# Hello from Indiana



## pinkpantherbeekeeper (Feb 10, 2016)

Hi all! I am from the Kokomo area in Indiana. I have had a couple hives a few years ago but didn't over winter well. Lost both to mice! Anyway I am back and have ordered some package bees and a nuc for 4 hives total! Looking forward to the fun of beekeeping again.


----------



## GaryG74 (Apr 9, 2014)

Welcome to BeeSource and back to bee keeping. Hope this year goes well for you and your bees.


----------



## Tenbears (May 15, 2012)

Welcome.


----------



## SouthTexasJohn (Mar 16, 2015)

Welcome to the forum.


----------



## flyin-lowe (May 15, 2014)

Welcome, I am south of Muncie.

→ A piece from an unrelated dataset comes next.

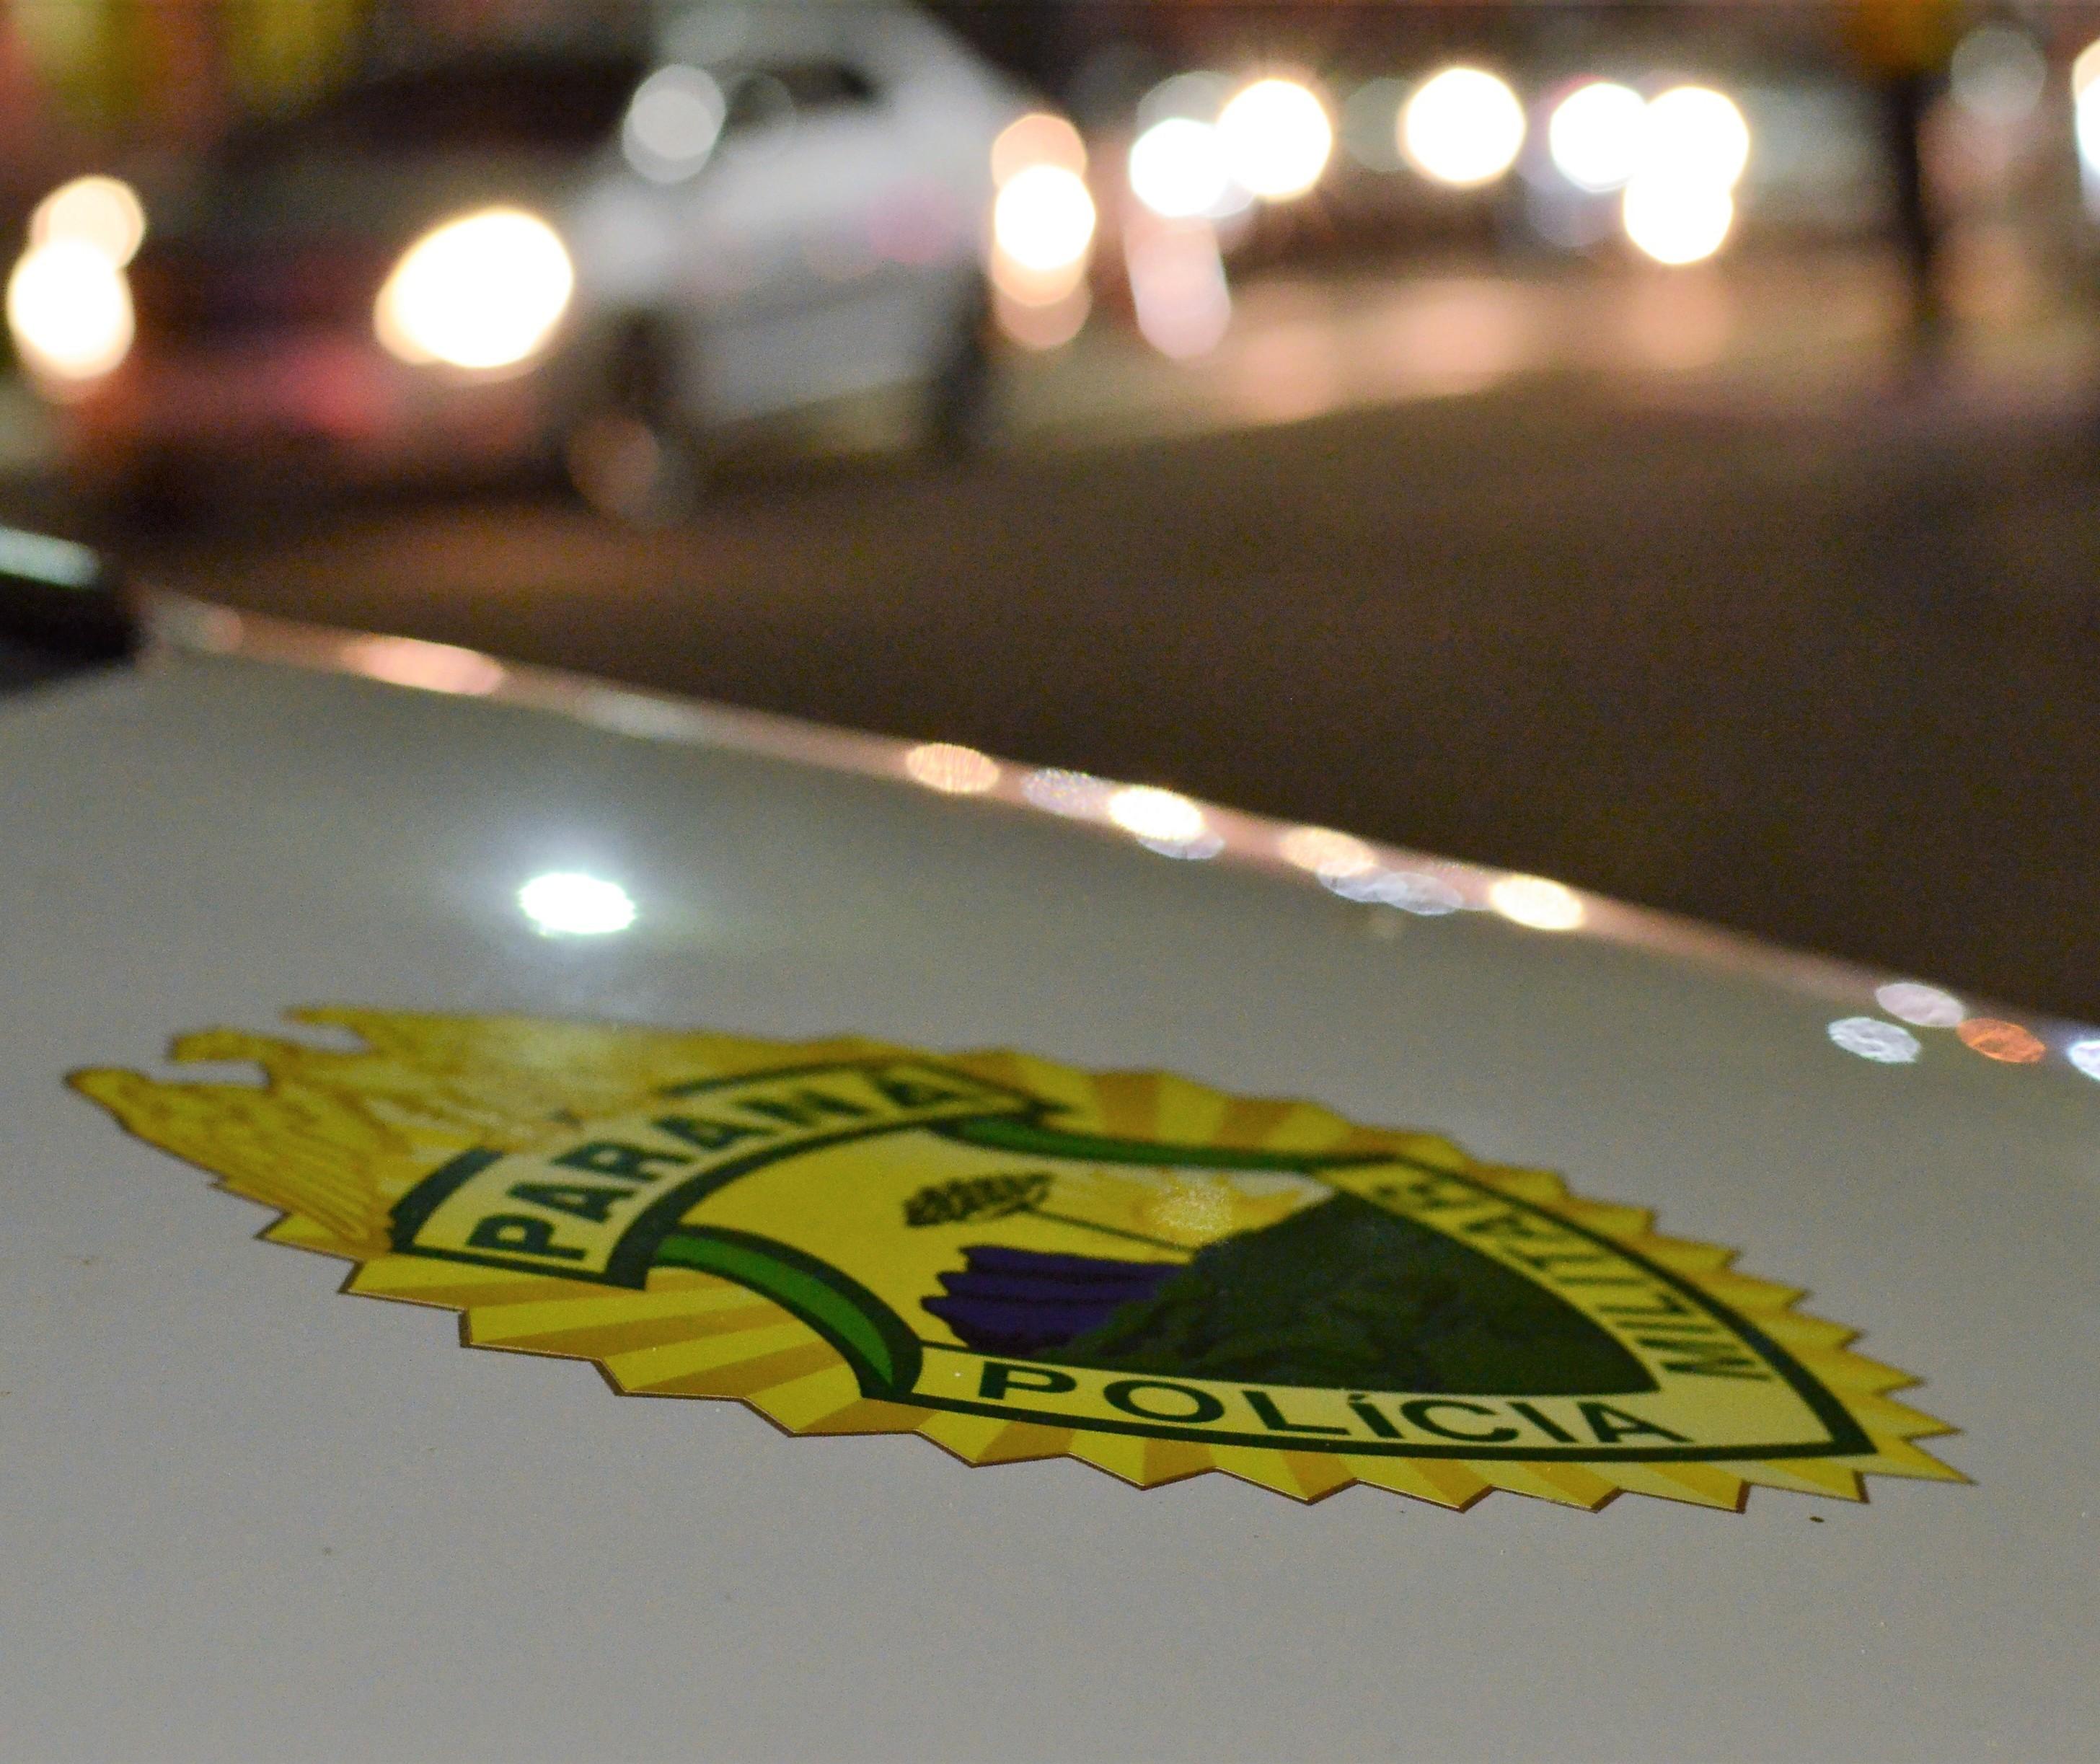 Após fugir da PM e subir em telhado, jovens são presos por tráfico de drogas

Going into my third year. My first winter my only hive made it (it was a brutal winter too) and this winter I had two swarms going into fall. As of last week one was still alive and I think the other is dead. Are you getting your bees somewhere local? I know it is a little bit of a drive your you but between Knightstown and New Castle (Henry Co) there is Baston Honey Bee farm. He stocks a large amount of supplies, he was a Kelly distributor but now deals direct with manufacturers so his prices are coming down. If you need something in a hurry it would be worth the drive from Kokomo.


----------



## pinkpantherbeekeeper (Feb 10, 2016)

Thanks for all the warm welcomes! Thank you flyin-lowe for the great information! My packages this year are coming from ABhoneyfarm.com. I will check into Baston next time I'm over there.


----------



## AmericasBeekeeper (Jan 24, 2010)

Welcome PPB!


----------